Q. How do evals differ from regular unit tests?

Unit tests check "does the output exactly match the expected value." But an LLM is probabilistic and produces different output each time, so exact match doesn't work as-is. Evals differ by combining measurement suited to probabilistic output — rule-based checks, grading by an LLM, and observing variance across several runs — on top of ground-truth matching.

Q. Can I trust LLM-as-judge (letting an AI grade)?

It's handy but not a silver bullet. The judging LLM can vary and be biased. What matters is writing a concrete rubric, calibrating against human grades periodically, and separating the roles/models for generation and grading to avoid self-dealing. Relative comparison (which of A or B is better) tends to be more stable than absolute scores.

Q. How many eval items do I need?

You can start well with 10–20. Even a few help with the relative comparison of "did the score go up or down after a change." Realistically, grow it by adding failures found in production.
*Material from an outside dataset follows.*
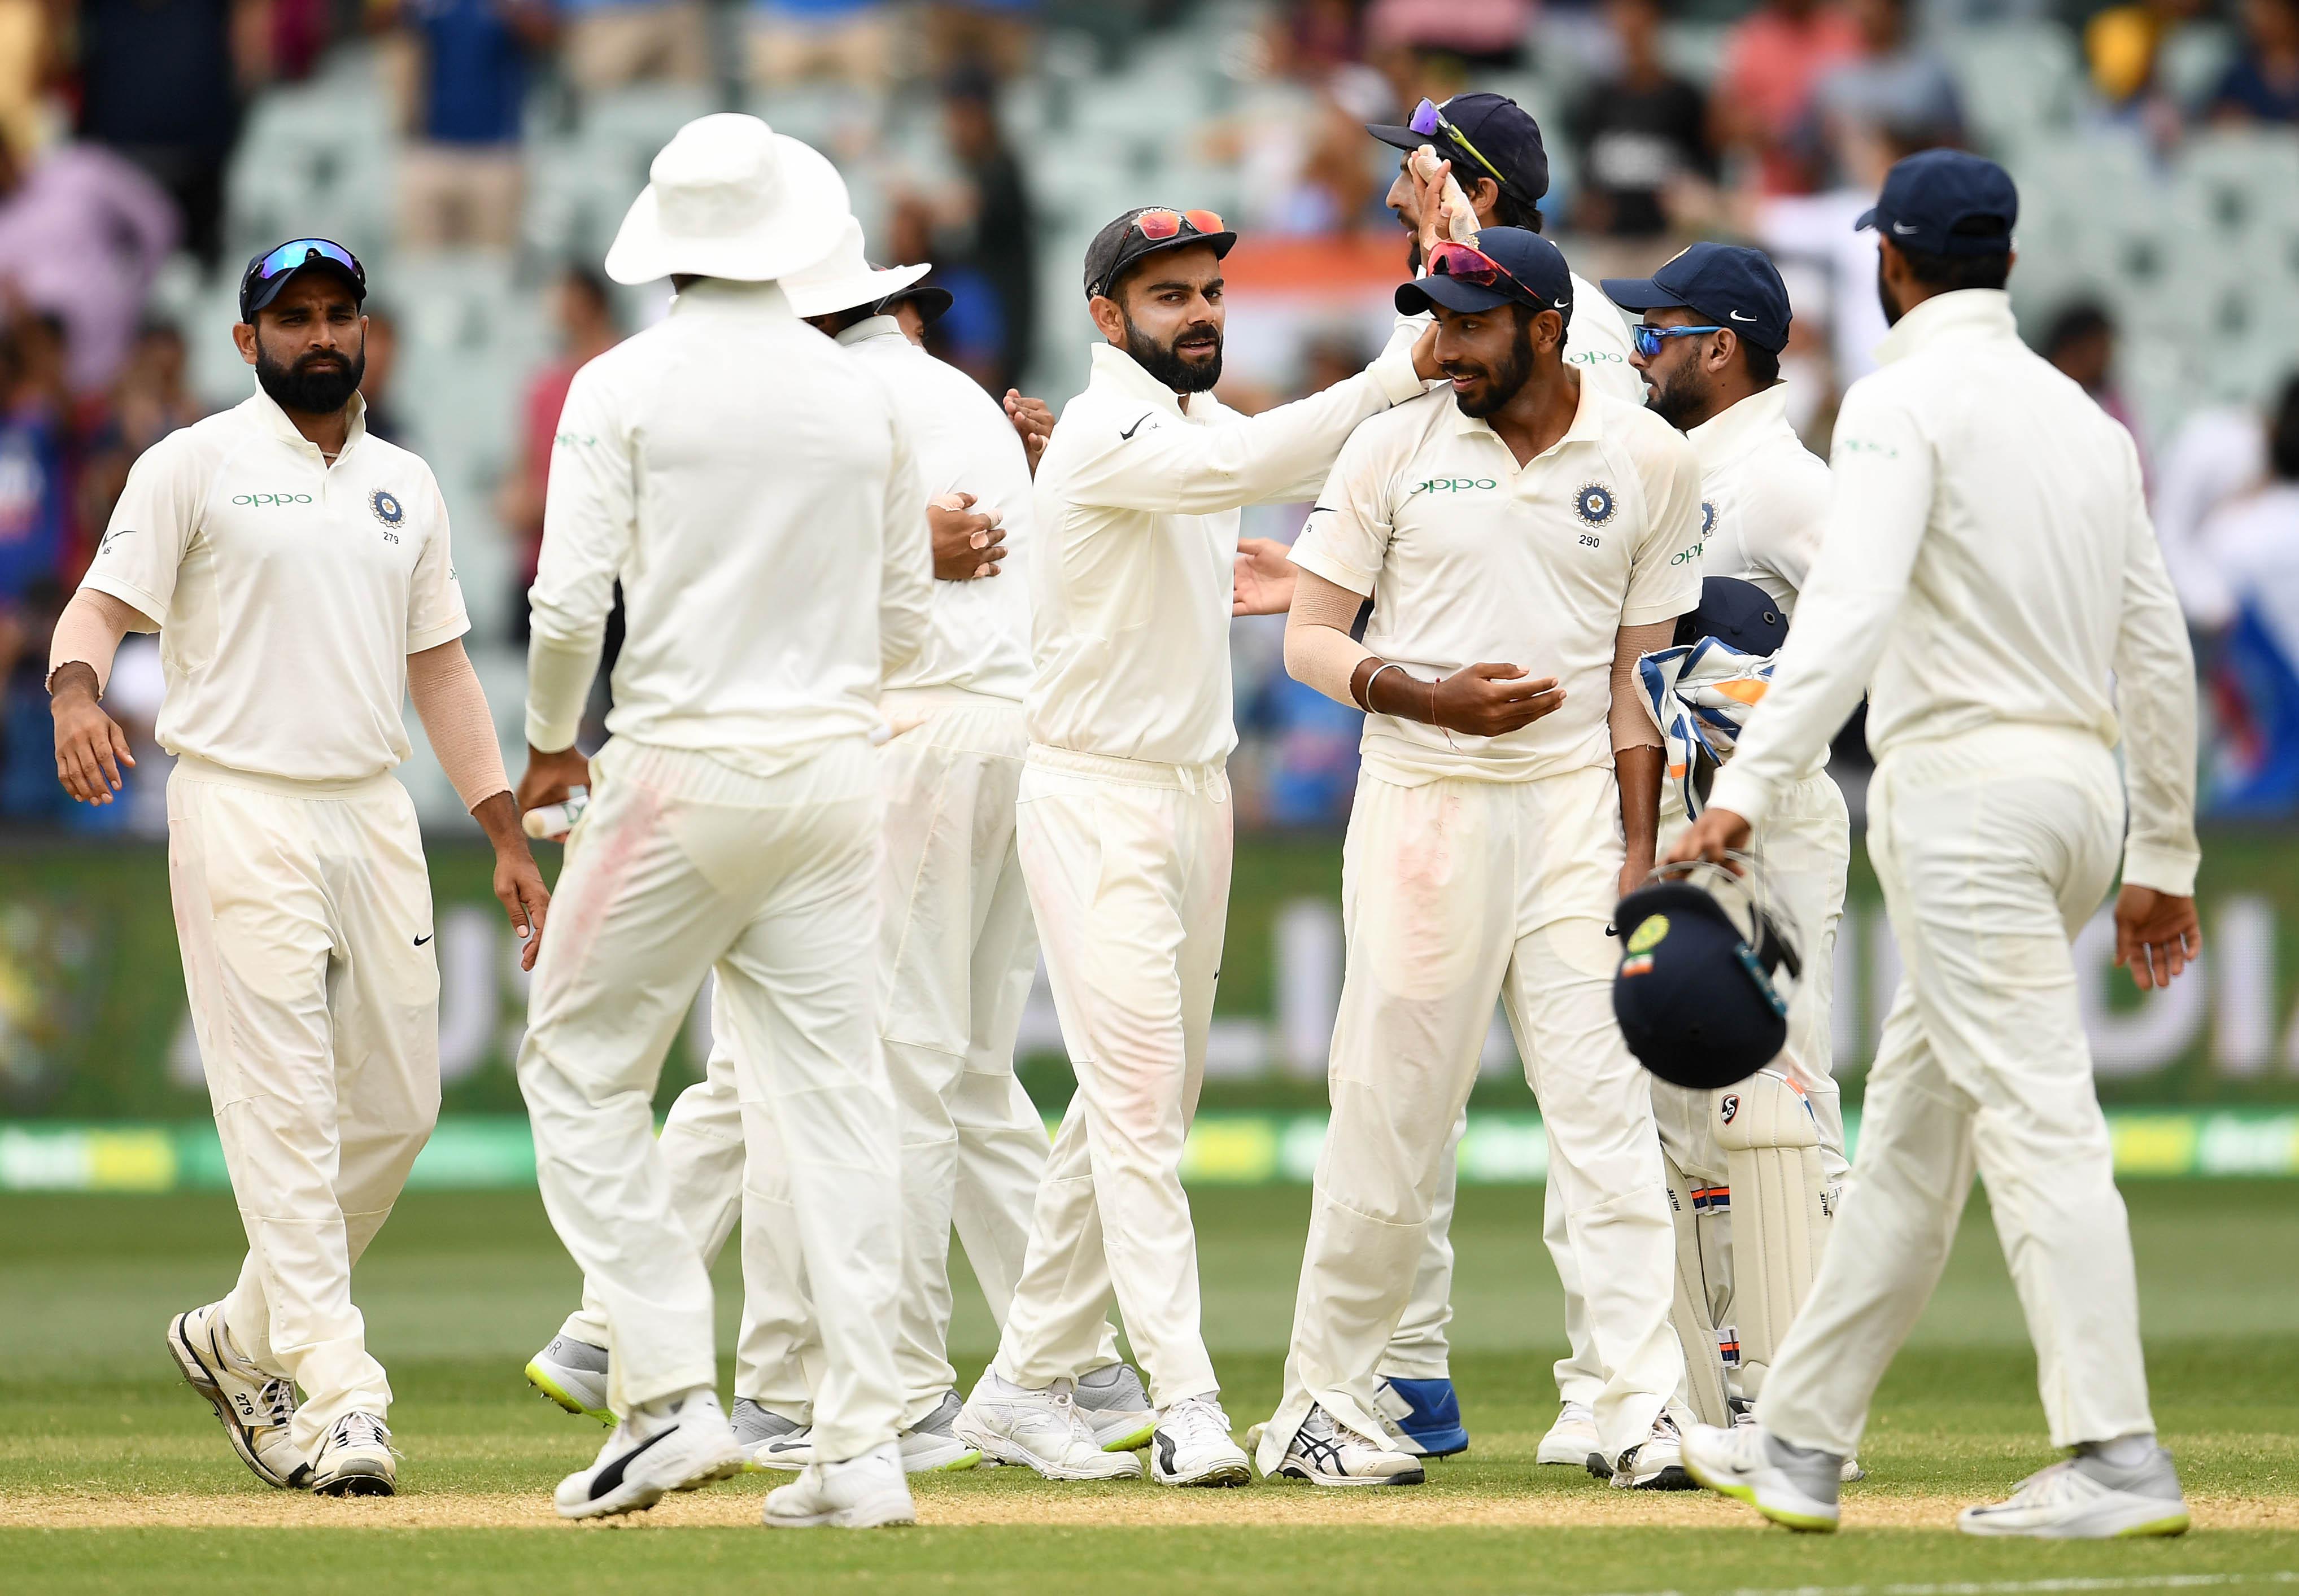 AUSvsIND- भारतीय टीम का ऑस्ट्रेलिया में इस बार सीरीज जीतना तय, नहीं है यकीन तो देख लें ये आंकड़े 3

More important than count is properly including failures, exceptions, and edge cases.

Q. Do I really need to evaluate an agent's "trajectory"?

If you run it in production, yes. Even when the final output is correct, detours, unnecessary tool calls, and infinite loops hurt cost and reliability. Add tracing that records each step and look at the process alongside task success rate. The more the use case involves permissions and side effects — like business automation use cases or automating cloud operations — the more process evaluation pays off.